L’AI Assistant confronta i dati WhatsApp con un periodo precedente?

Sì. Indicando un intervallo, come le ultime due settimane, HighLevel dichiara che l’assistente lo confronta con il periodo immediatamente precedente della stessa durata, evidenziando variazioni di volume e tendenza della consegna.

Serve configurare qualcosa per usare le analytics WhatsApp nell’AI Assistant?

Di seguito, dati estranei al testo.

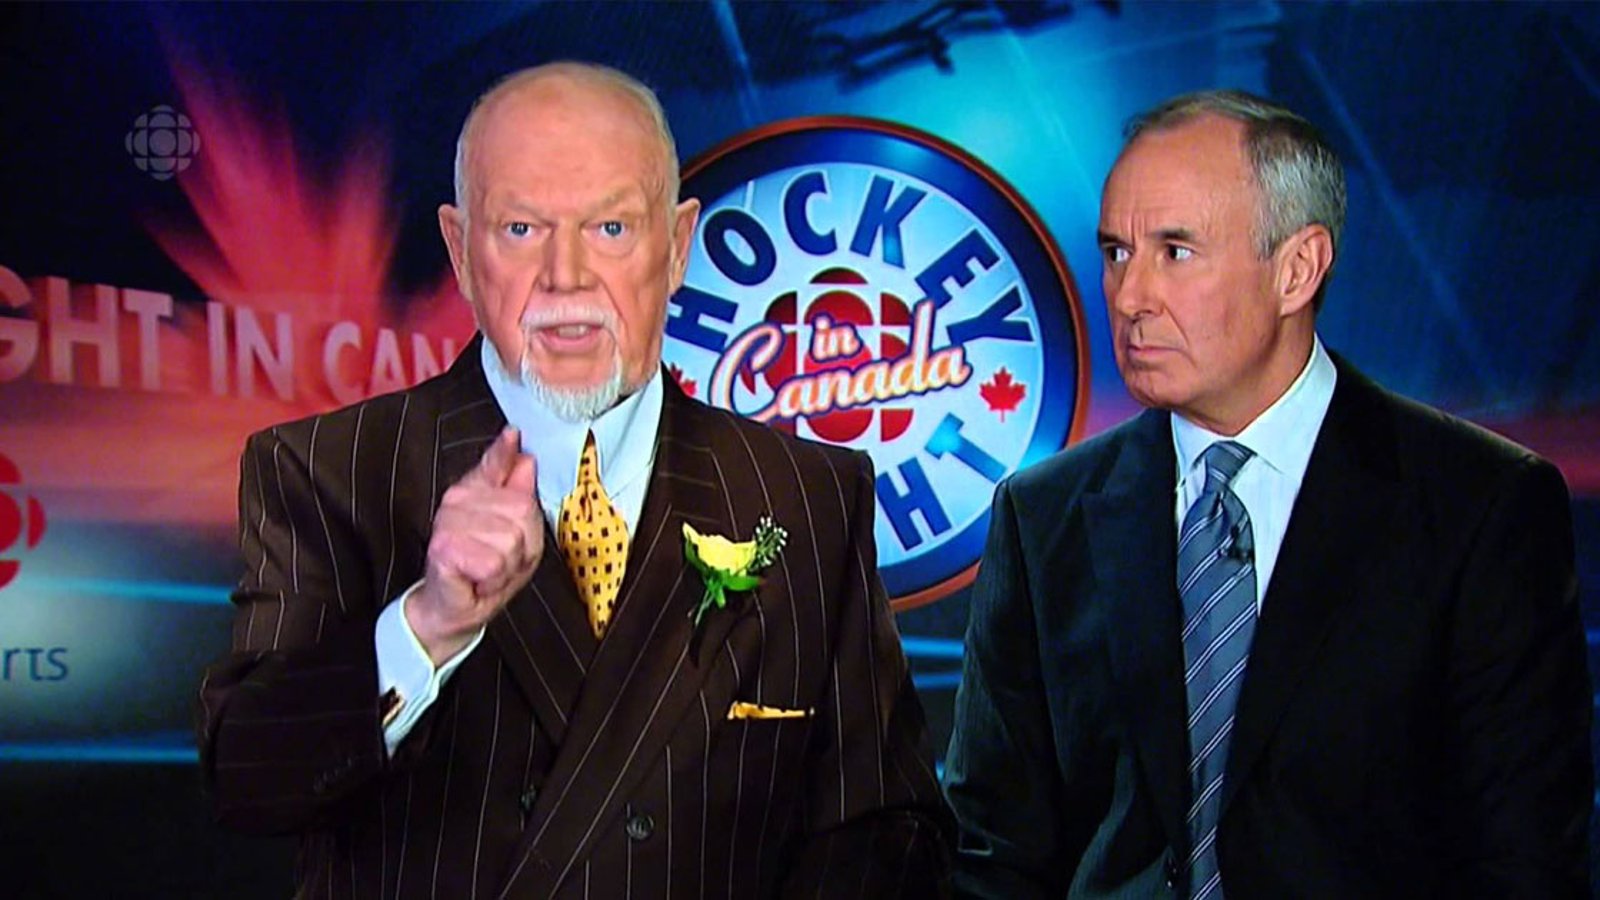 Controversial comments on the NHL and the Olympics made by Don Cherry!

La fonte ufficiale afferma che non è richiesta alcuna configurazione. Indica di aprire l’AI Assistant in un workflow e formulare una richiesta in linguaggio naturale. Interfaccia e disponibilità possono comunque cambiare nel tempo.

La funzione spiega perché un messaggio WhatsApp è fallito?

Non dalla descrizione ufficiale disponibile. Il changelog indica conteggi e tassi di consegna o fallimento, ma non dettaglia analisi delle cause, filtri avanzati o diagnosi automatiche dei singoli fallimenti.

Le metriche WhatsApp sostituiscono dashboard ed execution log?

HighLevel presenta l’aggiornamento come un modo per valutare Email, SMS e WhatsApp in un’unica interfaccia conversazionale, anziché tra dashboard separate ed execution log. Questo non implica necessariamente che tutte le verifiche operative o analitiche dettagliate siano sostituite.